Vos romans l’un historique, l’autre plus contemporain, font référence à la Colombie et sa situation actuelle.
William Ospina : C’est le poids énorme de l’Histoire qui a construit notre pays, l’arrivée des colons espagnols, les massacres des populations indigènes, la traite des noirs… Tous ses événements l’affectent encore. D’ailleurs la mixité de notre population s’explique par l’Histoire.
Evelio Rosero : La réalité colombienne m’affecte en tant que citoyen mais aussi en tant qu’écrivain, je ne pouvais pas ne pas rendre compte de celle-ci. Et la réalité c’est aussi la présence des quatre forces armées : narco trafiquants, paramilitaires, guérillas et militaires face à des civils démunis.
Quelle place occupe les quatre forces armées auxquelles vous faites références ?
E. R : Il n’y a pas une entité plus saine qu’une autre, chaque force tue. Les informations colombiennes relataient il y a peu l’histoire d’une mère de famille se lamentant de voir ses deux fils engagés l’un dans la guérilla, l’autre dans la formation paramilitaire. La mort est la réponse dans tous les cas.
La Colombie ne serait-elle que guerre et souffrance ?
E.R : Tout n’est pas obscur. Il y a une réponse de l’esprit, de l’humour, de la musique. Je l’exprime au début de mon roman. Néanmoins la réalité qui frappe le village imaginaire dont je parle est malheureusement très réelle, la violence est réelle. J’aurais aimé écrire seulement sur le bonheur.
Juan Manuel Santos est arrivé au pouvoir en juin dernier, pensez-vous que cela puisse faire changer les choses ?
E. R : Il y a des différences entre Santos et son prédécesseur Uribe. Cependant Santos s’inscrit dans la continuité du premier. Il est le dauphin d’Uribe et s’emploie d’ailleurs à couvrir les méfaits de son prédécesseur tels que les liens du gouvernement avec les narcotrafiquants et les paramilitaires.
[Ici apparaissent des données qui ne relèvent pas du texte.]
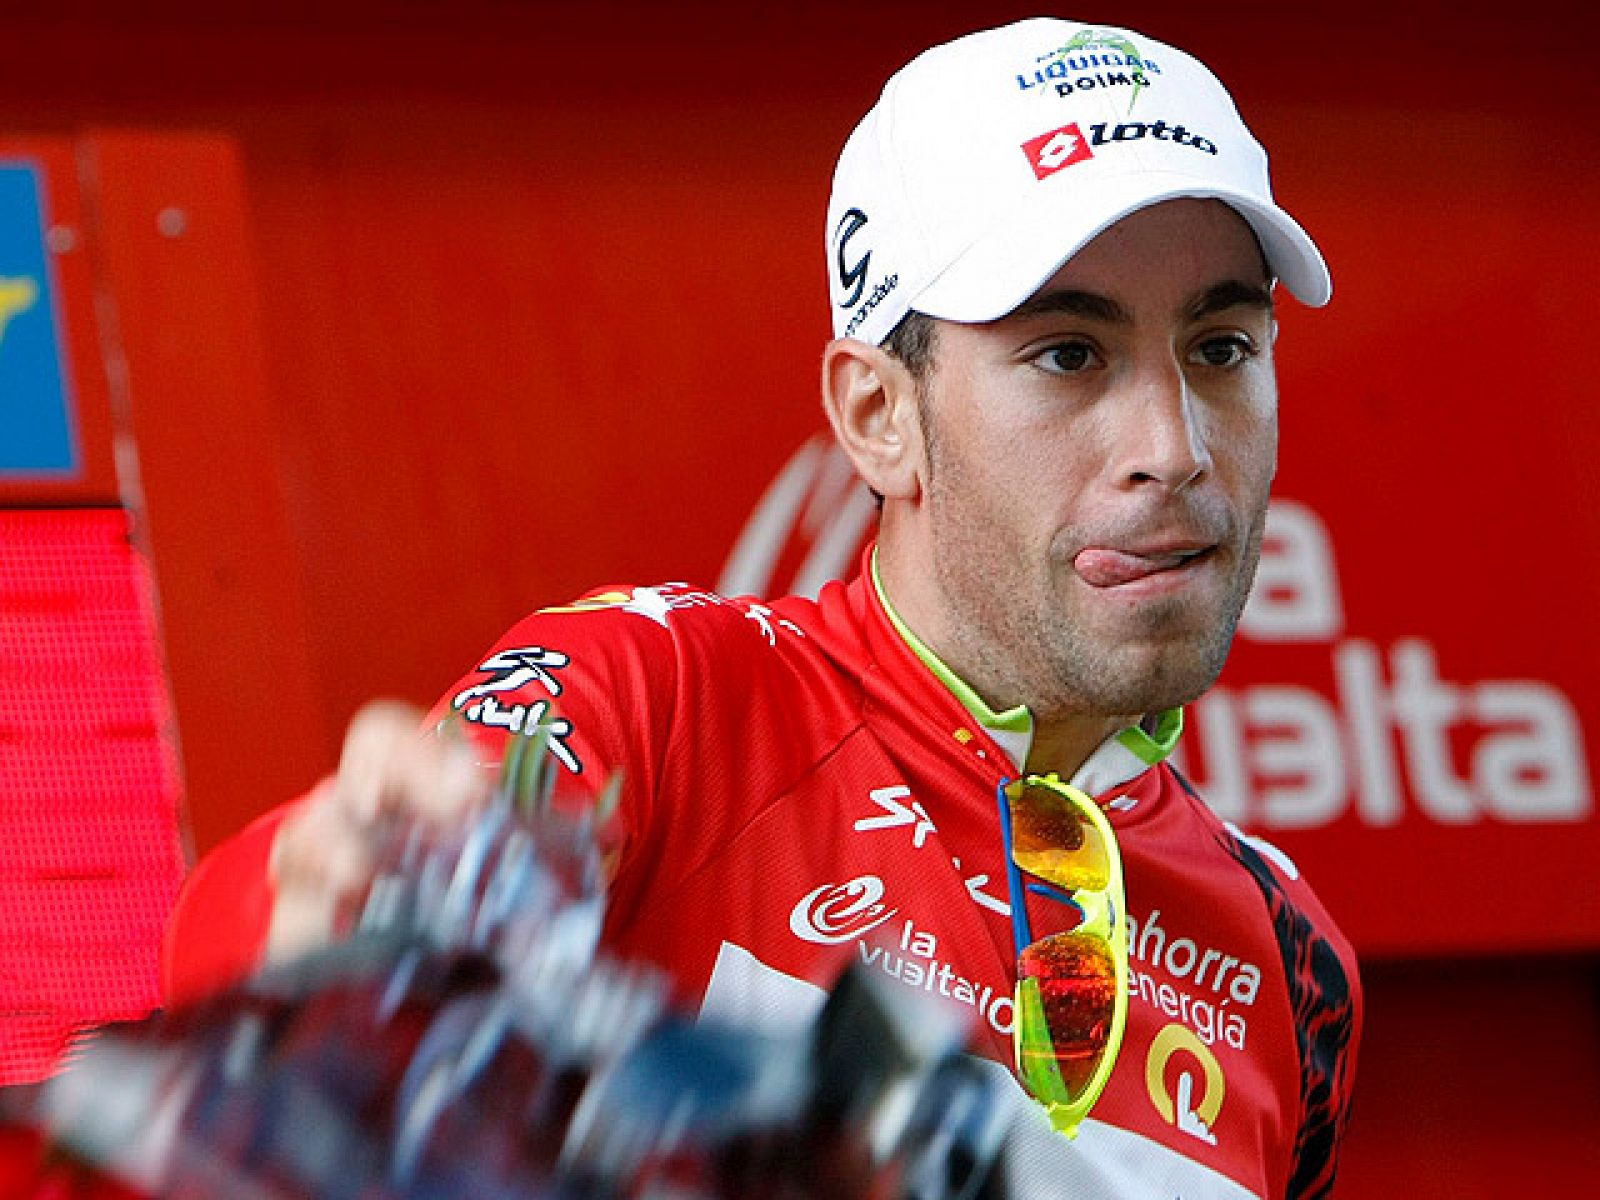 El líder de la Vuelta a España, el italiano Vincenzo Nibali (Liquigas), ha dicho que aunque el sábado, en la etapa con final en la Bola del Mundo, espera "el ataque de otros corredores, el único rival peligroso" para él y al "único" que tiene que "co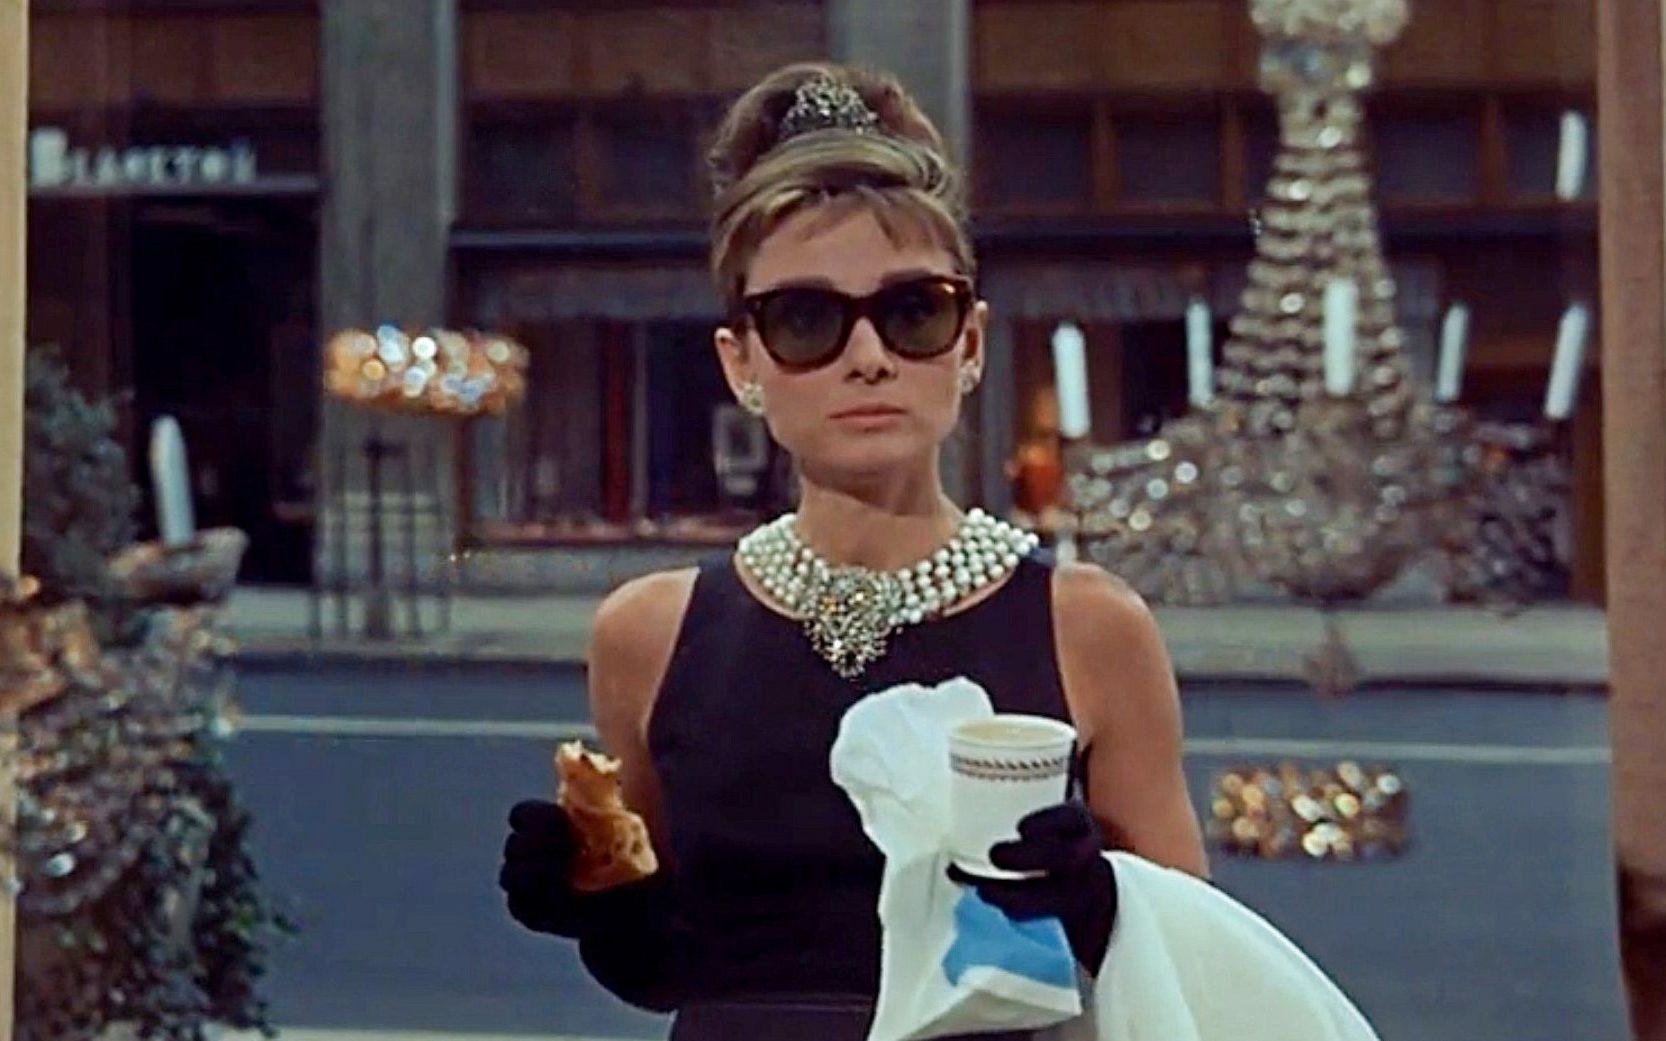 Ubierz się jak Audrey Hepburn. Poznaj styl gwiazdy /fot. kadr z filmu "Śniadanie u Tiffany'ego" (media)

W.O : La différence entre les deux est qu’Uribe appartient à la nouvelle classe de dirigeant alors que Santos vient de la vieille élite colombienne. Leurs intérêts sont différents. Alors qu’Uribe était très attaché à maintenir le régime de grands propriétaires, Santos veut changer cela. On ne peut pas savoir jusqu’où va aller cette différence et si cela va déclencher un autre genre de conflit.
En tant que journalistes, quelle place est donnée à la liberté de la presse en Colombie?
W.O : Je n’ai jamais senti de contraintes, vécu de censure vis-à-vis de mon travail journalistique. Mais je sais malgré tout qu’il y a des choses qu’on ne peut pas dire. La censure se fait par mon autocensure.
Etre écrivain permet-il une plus grande liberté d’expression ?
E.R :La littérature est vitale, elle nous touche et a ce pouvoir de partager la réalité. Le mot écrit reste à la différence des informations télévisées. En tant qu’écrivain je me sens engagé, j’ai le devoir d’écrire de mieux en mieux sans m’affilier à un parti politique quel qu’il soit.
W.O : Je crois à la capacité de la littérature pour modifier l’histoire, les êtres humains, les consciences. La réalité colombienne exige un gros travail sur le plan littéraire et culturel. Si la littérature nous aide à voir, à entretenir la mémoire alors il sera plus facile de changer les choses. L’important n’est pas qu’un pays ait une guérilla, mais qu’il soit capable de la stopper.